Однако, суровы же Вы к людям :Smilie:  Конечно, будут иногда впадать в неблагие состояния, колебаться в вере, - они ж не Будды. Важно насколько человек старается себя изменить.

И, вообще-то, буддизм - исключительно Ваше личное дело. У Вас есть Три Драгоценности, вот на них и опирайтесь. Если кто-то где-то оступился - то это ни в какой мере лично на Вашу практику влиять не должно. Наоборот, - надо развивать сострадание.

----------

Neroli (20.04.2013), Upornikov Vasily (20.04.2013), Богдан Б (20.04.2013), Германн (21.04.2013), Топпер- (20.04.2013)

----------


## ullu

> Вот такая тема.

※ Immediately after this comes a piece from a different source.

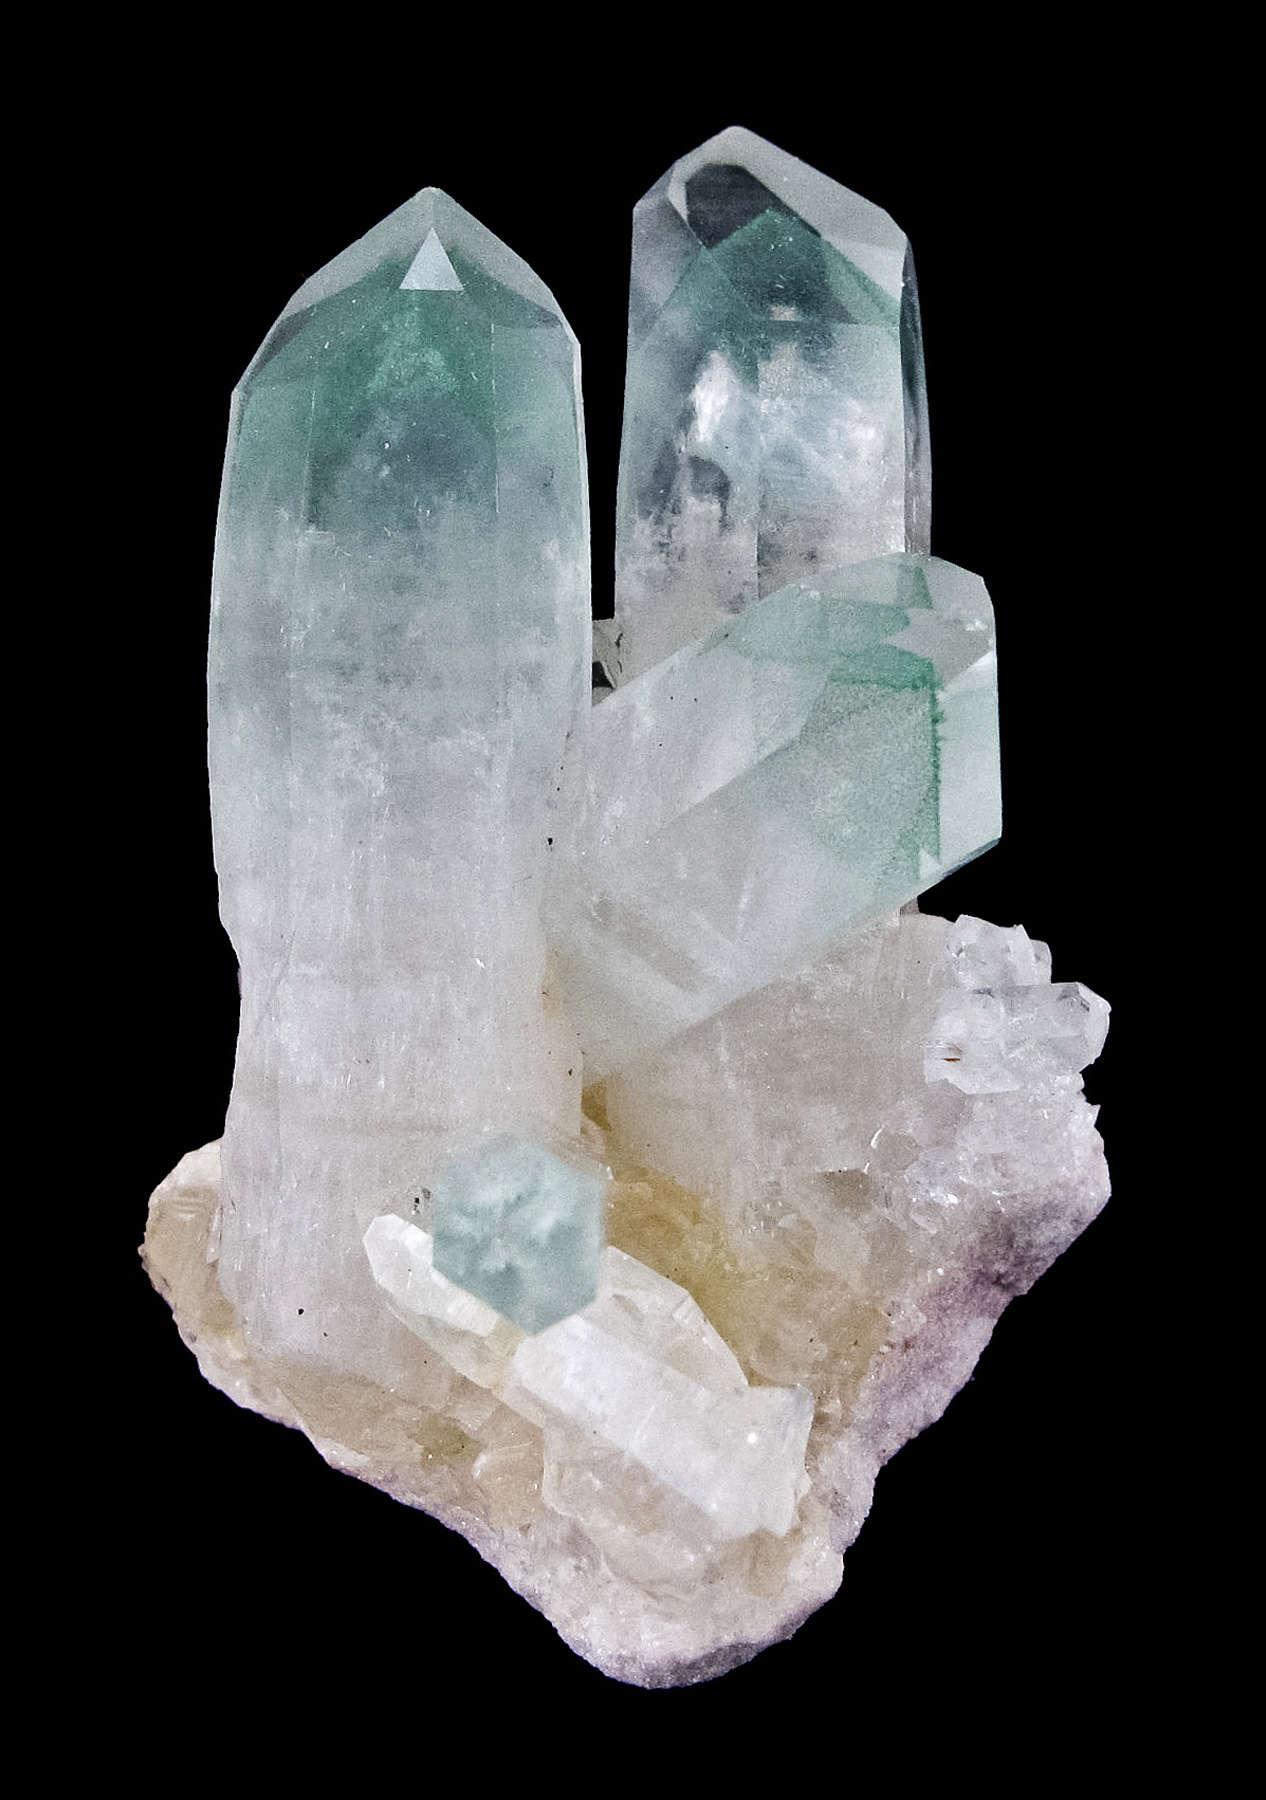 Emplaced matrix milky quartz lustrous translucent gemmy colorless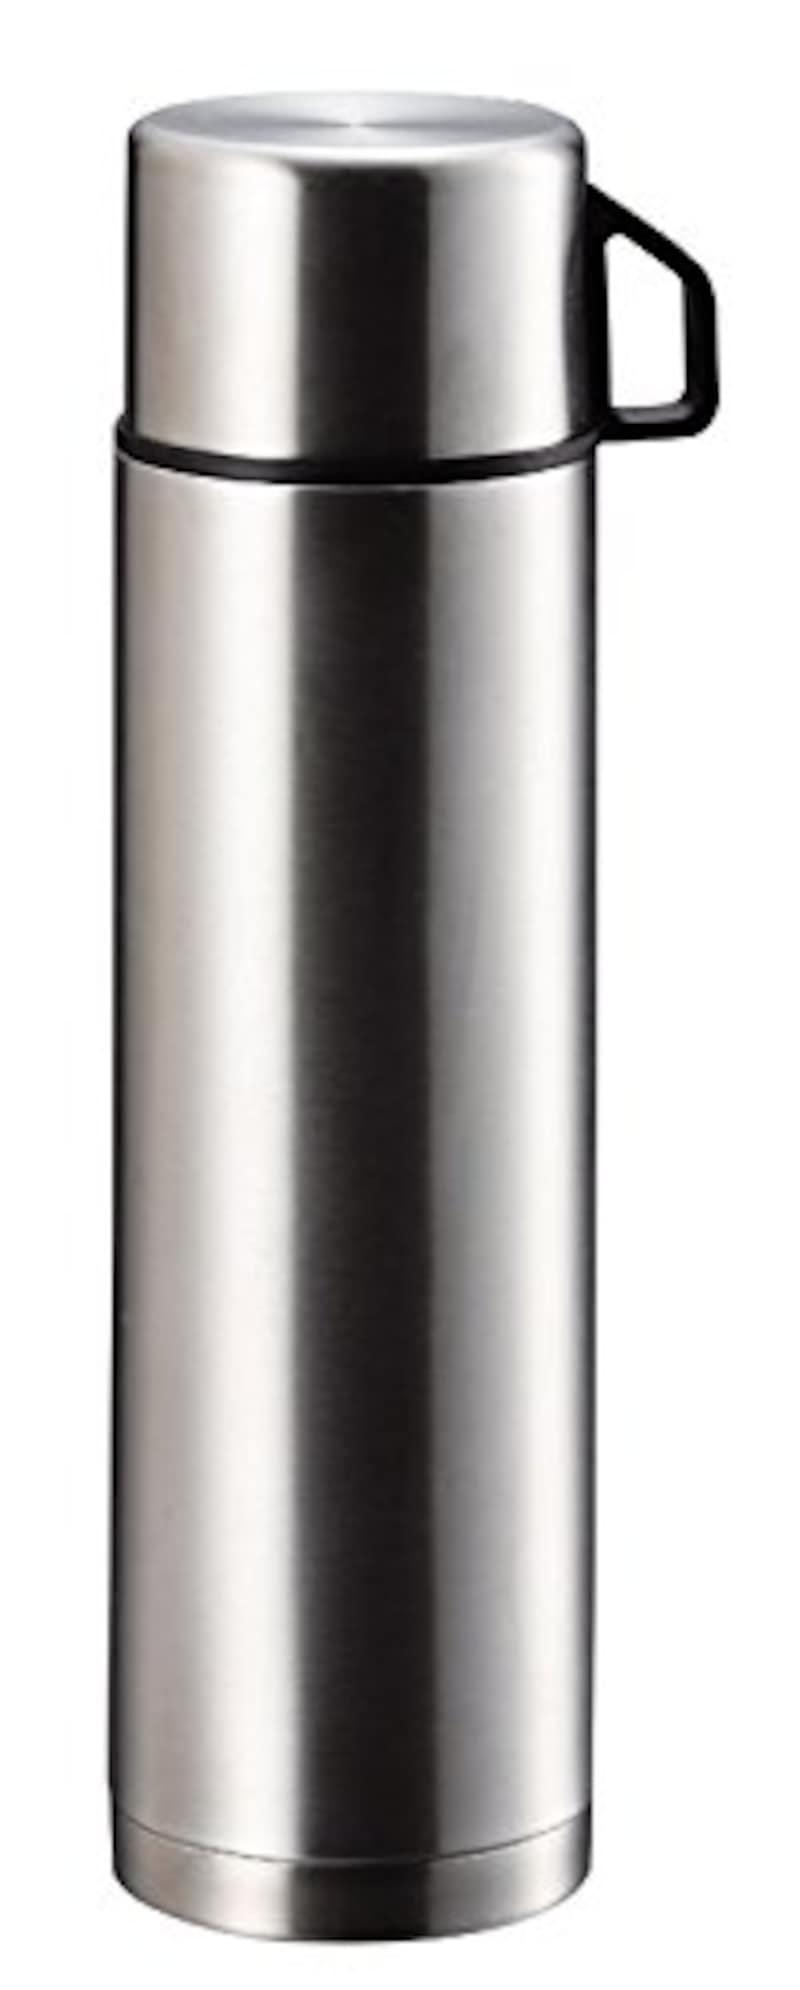 パール金属,ダブル ステンレスボトル スタイルベーシック コップ付,H-6828

Медитирую, читаю, стараюсь практиковать нравственность, а радости не испытываю, больше ощущение, что ворочаю тяжелые кирпичи. Мне не сказать, что это в тягость, интересно, хотя и сложно, но всё-таки хочется радости от пути, легкости и восторга, это бы помогло сформировать болшее доверие. Если и есть какое положительное настроение, то больше оно похоже не на радость, а на возбужденный ум. Читала в руководствах, что должна появляться радость. Когда ее ждать и откуда?


Шаматхи не хватает видимо ?

----------

Эделизи (23.04.2013)

----------


## Пема Дролкар

Наталья - это типичное проявление эго - ждать какого-то состояния. Самой большой кризис у всех у нас от того, что мы представляем себе образ идеального практикующего, и начинаем себя под него подстраивать, а когда не получается - страдаем.

Второе, что могу сказать - нет ни одного из нас, кто не переживал бы разные состояния по десять раз на дню, не впадал бы в уныние или в недостаточную самооценку. Выход из этого только один - анализировать беспокоющую эмоцию, найти бытовую ее причину и кармическую, и применить противоядие. Ваше отсутствие радости - это просто мысль, Вы ее осознанно можете поменять на противоположную, и сорадоваться тому, что встретили Учение, что работаете. КТО МЕШАЕТ ВАМ РАДОВАТЬСЯ? Надо продолжать копать в правильном направлении. Практикуя - страдательность будет естесственным образом уменьшаться, а удовлетворенность и покой увеличиваться.

И третье - надо понимать, что уход от страдания - непростой путь. И только со временем, по мере того, как аффекты будут меньше проявляться - будет результат. Так что вы неотступно идите вперед - пересматривая свои действия. И при каждом дискомфортном состоянии разбирайте причину его и ищите конкретные действия. Исследуйте собственную страдательность. 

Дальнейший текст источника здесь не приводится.